[Intel-gfx] [RFC 22/21] drm/i915: Cache request completion status

Mon Nov 3 11:57:32 CET 2014

On Tue, Oct 28, 2014 at 03:36:29PM +0000, John Harrison wrote:
> On 19/10/2014 15:14, Daniel Vetter wrote:
> >On Tue, Oct 07, 2014 at 05:47:29PM +0100, John.C.Harrison at Intel.com wrote:
> >>From: John Harrison <John.C.Harrison at Intel.com>
> >>
> >>For: VIZ-4377
> >>Signed-off-by: John.C.Harrison at Intel.com
> >Why? If it's just for performance I think we should do this as part of the
> >switch to struct fence, which already has this.
> For performance and also as part of getting rid of all the
> i915_seqno_passed() calls.

The why was more a request for a proper commit message. If you claim
perfomance, then the commit message also needs the relevant data.

> >>---
> >>  drivers/gpu/drm/i915/i915_drv.h         |   34 ++++++++++++++++---------------
> >>  drivers/gpu/drm/i915/i915_gem.c         |   21 +++++++++++++++++++
> >>  drivers/gpu/drm/i915/intel_lrc.c        |    1 +
> >>  drivers/gpu/drm/i915/intel_ringbuffer.c |    2 ++
> >>  drivers/gpu/drm/i915/intel_ringbuffer.h |    3 +++
> >>  5 files changed, 45 insertions(+), 16 deletions(-)
> >>
> >>diff --git a/drivers/gpu/drm/i915/i915_drv.h b/drivers/gpu/drm/i915/i915_drv.h
> >>index cdbbdeb..4ab3b23 100644
> >>--- a/drivers/gpu/drm/i915/i915_drv.h
> >>+++ b/drivers/gpu/drm/i915/i915_drv.h
> >>@@ -1913,6 +1913,9 @@ void i915_gem_track_fb(struct drm_i915_gem_object *old,
> >>  struct drm_i915_gem_request {
> >>  	struct kref ref;
> >>+	/** Is this request known to be complete? */
> >>+	bool complete;
> >>+
> >>  	/** On Which ring this request was generated */
> >>  	struct intel_engine_cs *ring;
> >>@@ -1943,6 +1946,8 @@ struct drm_i915_gem_request {
> >>  };
> >>  void i915_gem_request_free(struct kref *req_ref);
> >>+void i915_gem_complete_requests_ring(struct intel_engine_cs *ring,
> >>+				     bool lazy_coherency);
> >>  static inline uint32_t
> >>  i915_gem_request_get_seqno(struct drm_i915_gem_request *req)
> >>@@ -1968,7 +1973,19 @@ i915_gem_request_unreference(struct drm_i915_gem_request *req)
> >>  	kref_put(&req->ref, i915_gem_request_free);
> >>  }
> >>-/* ??? i915_gem_request_completed should be here ??? */
> >>+static inline bool i915_gem_request_completed(struct drm_i915_gem_request *req,
> >>+					      bool lazy_coherency)
> >>+{
> >>+	if (req->complete)
> >>+		return true;
> >>+
> >>+	if (req->ring == NULL)
> >>+		return false;
> >>+
> >>+	i915_gem_complete_requests_ring(req->ring, lazy_coherency);
> >>+
> >>+	return req->complete;
> >>+}
> >Also, this is looking way too big now I think ;-) If you have a full
> >non-inline function call in your inline it's always a net loss.
> >-Daniel
> That depends how you define gain/loss. In terms of performance, it can still
> be a gain because the function call is not always taken. Whereas the
> alternative is at least one function calls and possibly two. Either way, as
> noted already, the final intention is for this to become simply 'return
> req->complete' and not have any function calls at all.
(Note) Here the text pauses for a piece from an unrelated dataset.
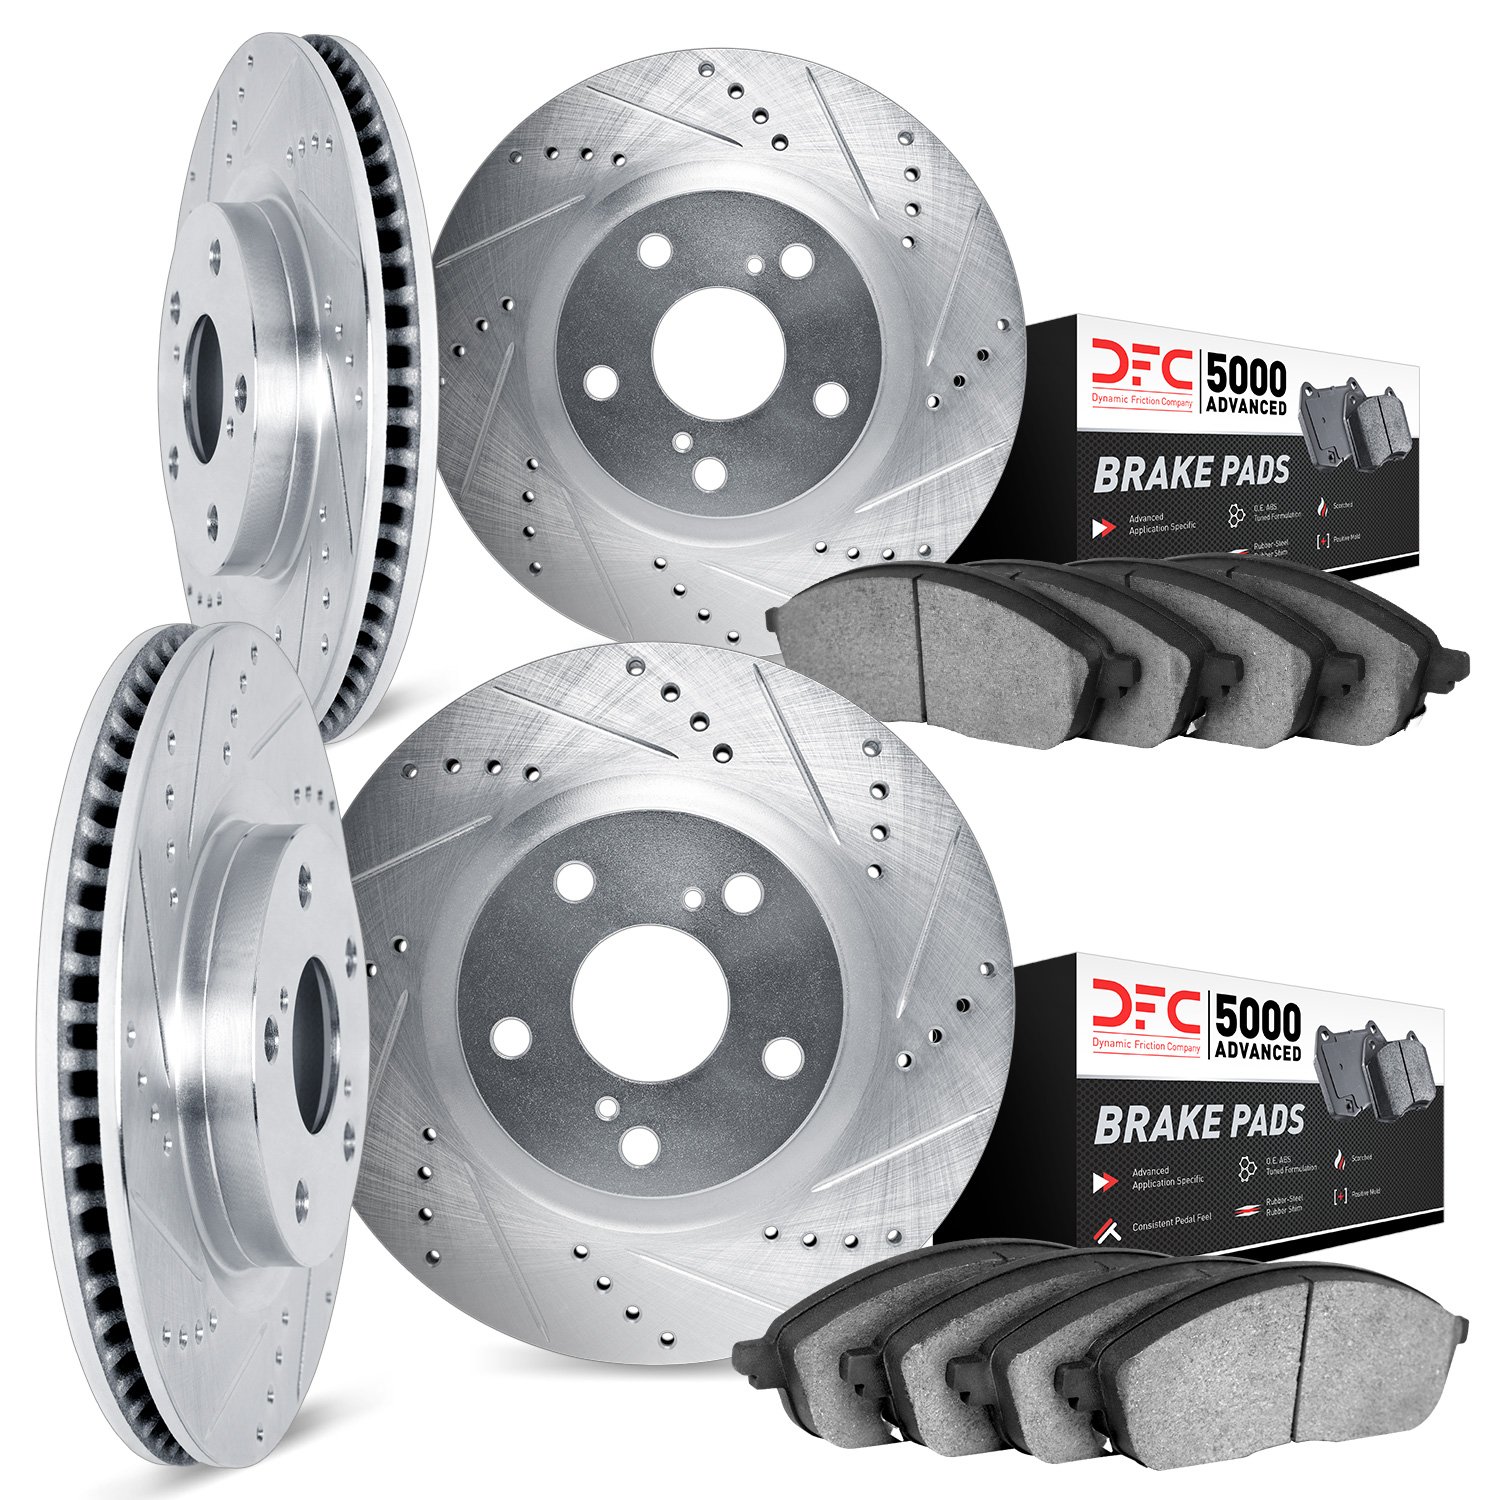 7504-46028 Drilled/Slotted Brake Rotors w/5000 Advanced Brake Pads Kit [Silver], 2009-2015 GM, Position: Front and Rear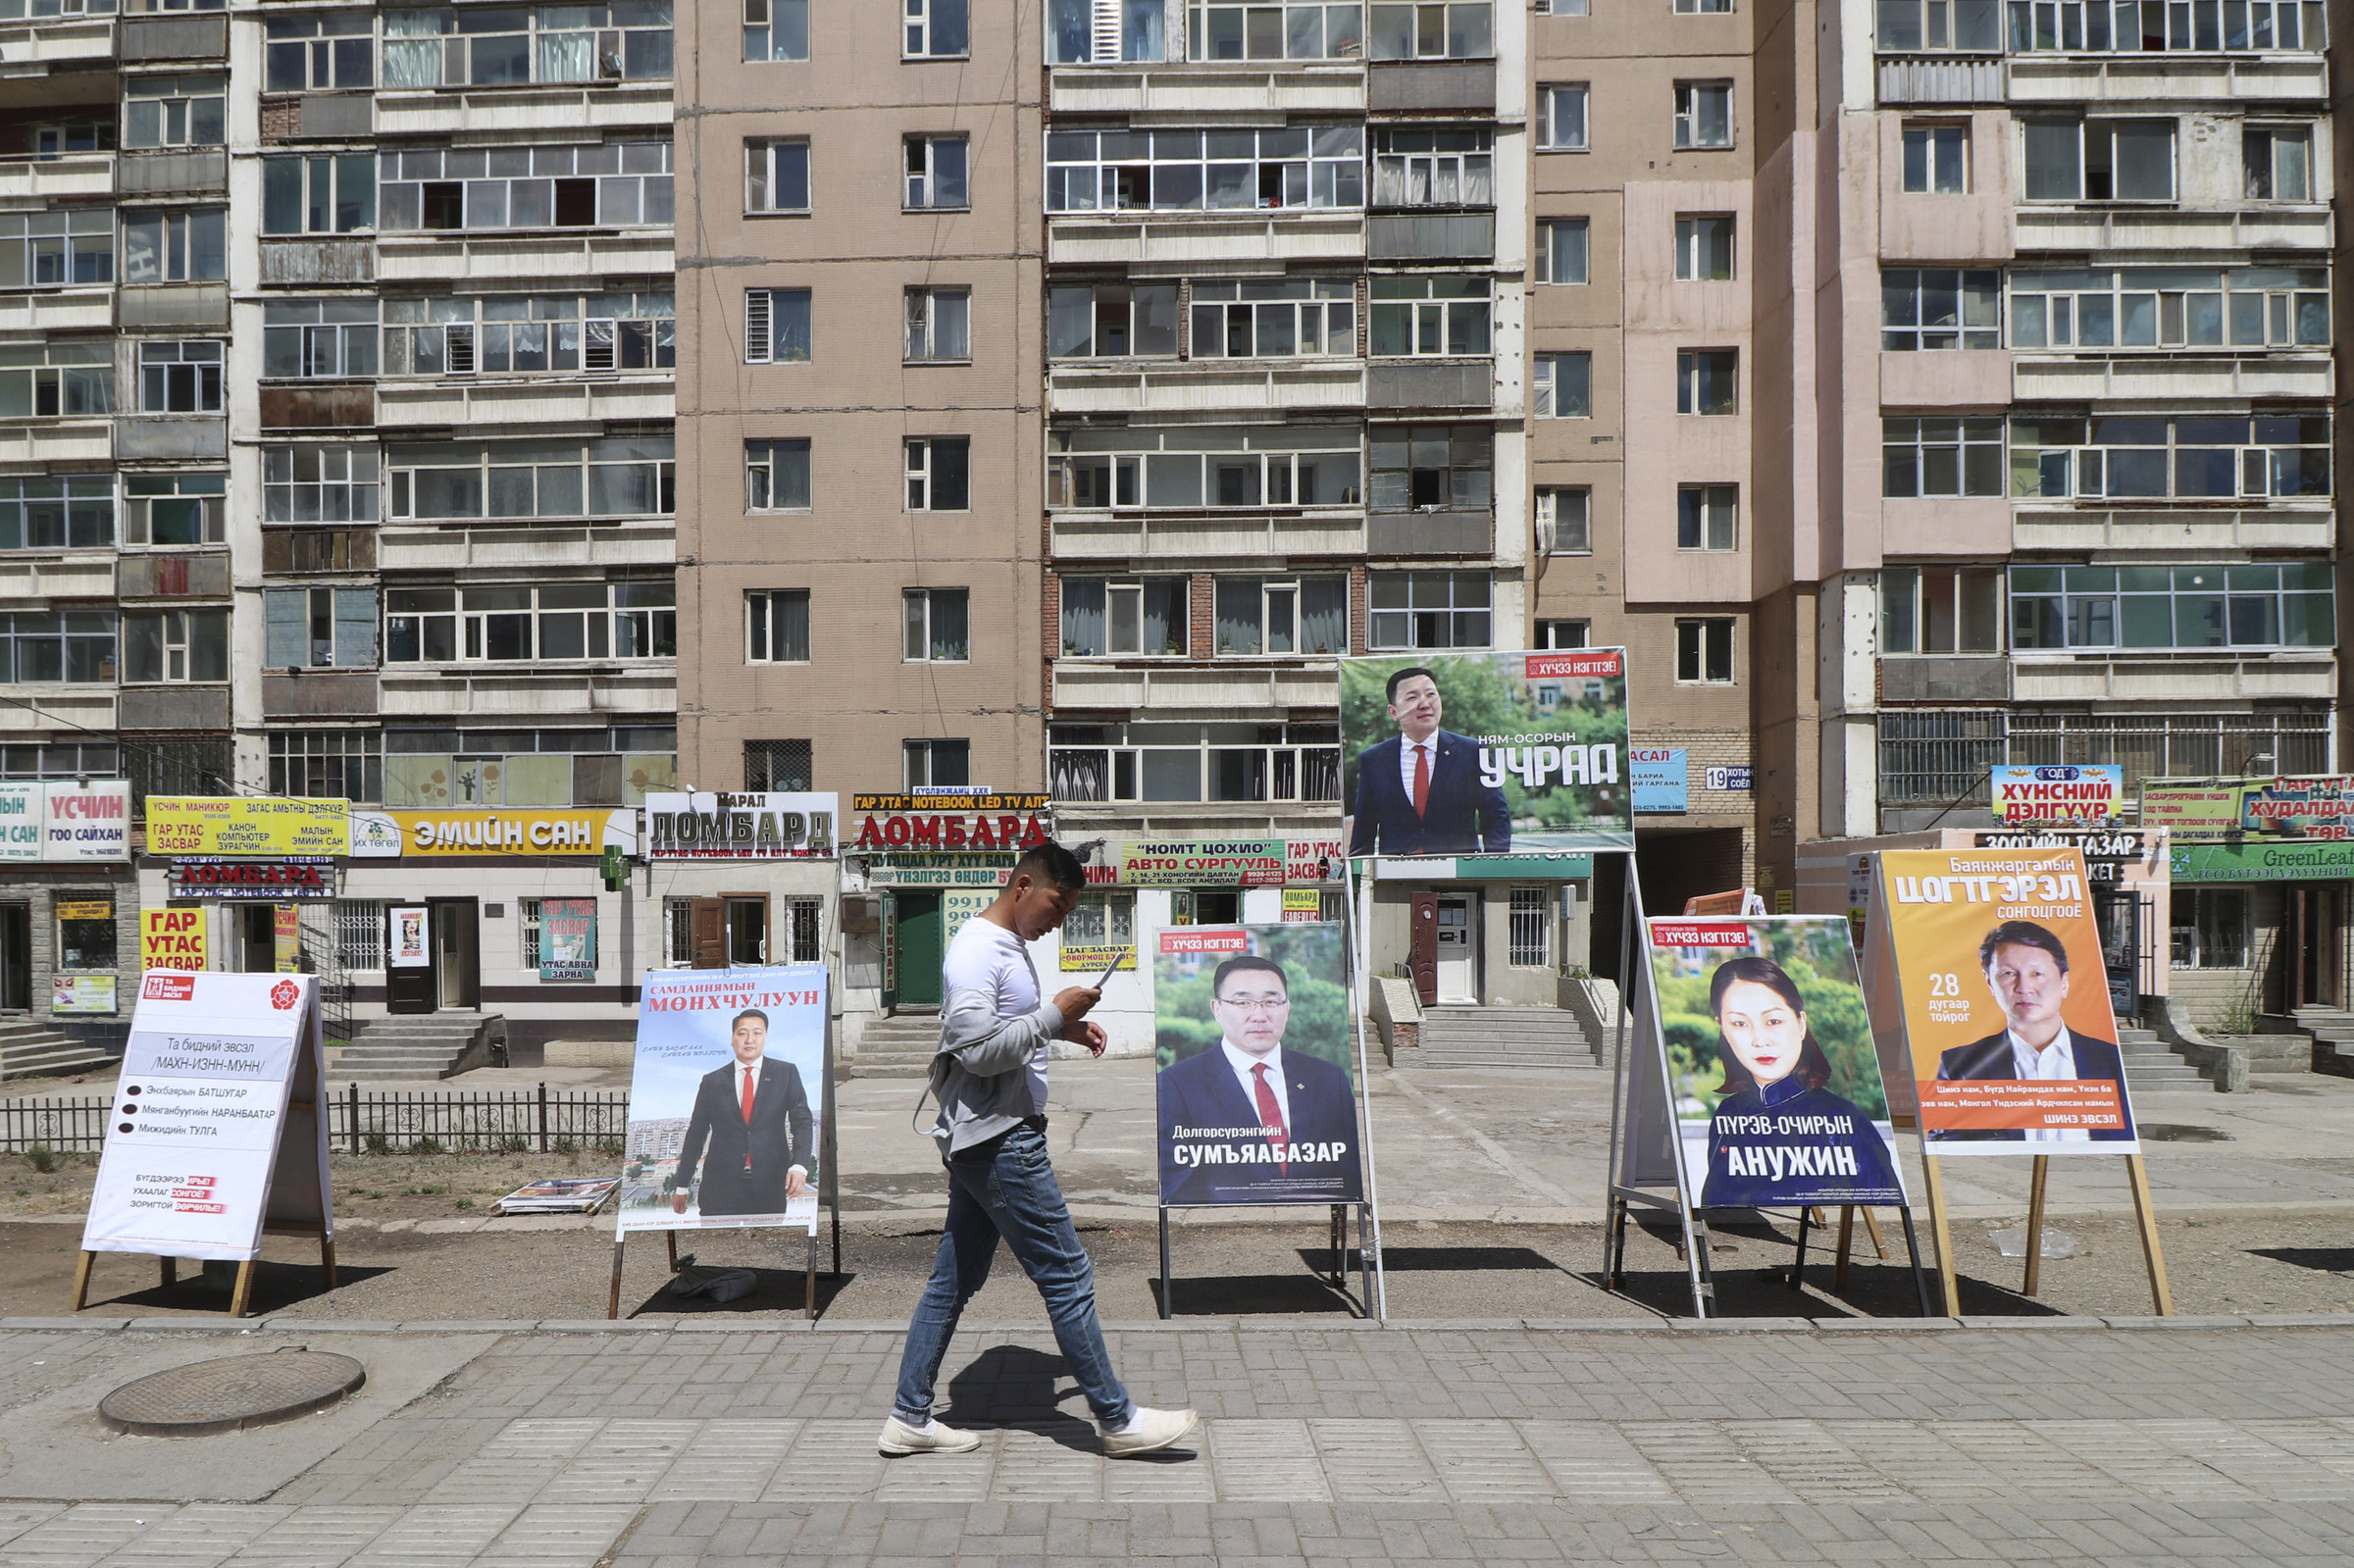 A man walks past election stands of various parties including ruling Mongolian People's Party and independent candidates in the Songinokhairkhan district on the outskirts of Ulaanbaatar, Mongolia, Monday, June 22, 2020. Mongolia holds parliamentary elections on Wednesday, continuing a nearly 30-year democratic system in a vast but lightly populated country sandwiched between authoritarian regimes in Russia and China and beset by economic problems. (AP Photo/Ganbat Namjilsangarav)

Thrashing instructions caches is usually what this does, so even when you
microbenchmark a gain it might be a net loss. Rule-of-thumb is static
inline is ok if it results in a net reduction of the binary, not for any
other case.

Unless you supply solid performance data justifying it.

Also, static inlines in random headers are a pain for documentation.
-Daniel
-- 
Daniel Vetter
Software Engineer, Intel Corporation
+41 (0) 79 365 57 48 - http://blog.ffwll.ch